The AMV protocol had the following acceptance criteria for intermediate precision:

Individual factor coefficients of variation (CV) for instrument, operator and day to be ≤6%.

Overall CV to be ≤10%.

The results for intermediate precision are shown in Table 2 and we can immediately assume that 'operator' and 'day' are not critical method components that will cause a significant variation (>6%) in test results during routine operations. This is a positive situation regarding training and operator proficiency qualification requirements, as there is a lower risk that test results will be affected when using different operators with time. In addition to the demonstration of test result reliability with time (days), we were able to simultaneously verify that our BDS sample aliquots are stable during several days at the storage conditions required (per protocol). Conversely, we failed to pass the overall CV and individual CV criteria for 'instrument'. There is a significant amount of variability observed among the three different instruments used. Although this is somewhat typical of an automated potency assay with relatively minimum operator involvement, it is still something that will significantly contribute to overall assay variability. So, what are our options?

Table 2 Mixed linear model results for intermediate precision.

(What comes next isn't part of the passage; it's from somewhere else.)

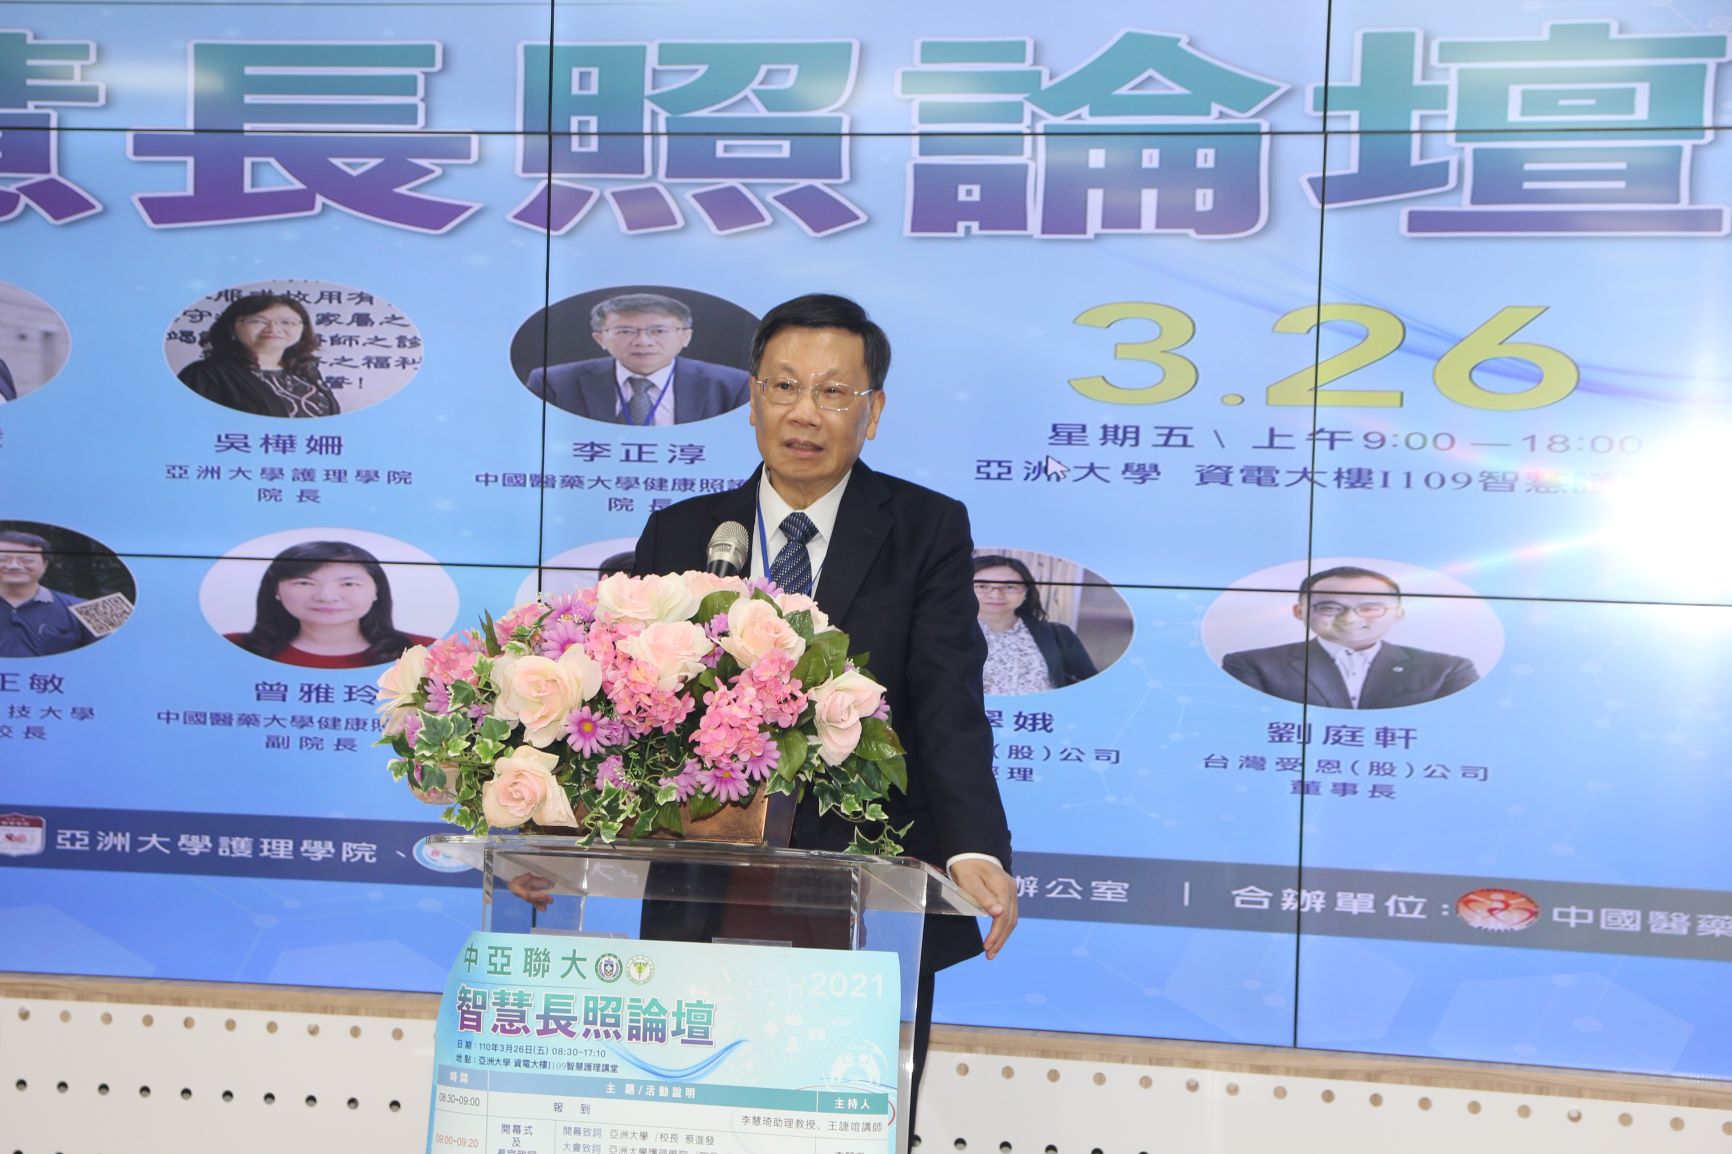 亞大校長蔡進發表示，人口老化是台灣面臨很嚴重的問題，希望與會專家學者分享各自經驗，讓台灣長照更完善。

Using Figure 1, we decided not to go into the lower loop because of the critical nature of this process stage for the dosing range (80–125 IU/mL) and the required reliability (intermediate precision) of this test method. If all three instruments were not needed for future ELISA testing, at this stage we could drop the one instrument that is furthest from the mean result and redo the AMV part with the two remaining instruments.

If we needed to use all three instruments for release testing, we may want to consider evaluating which particular automation steps for this assay contribute to the variability by dissecting the automated process into smaller steps. Once these steps have been identified as the critical ones, we may be able to further tighten the operational or system suitability limits to reduce the differences among the instruments.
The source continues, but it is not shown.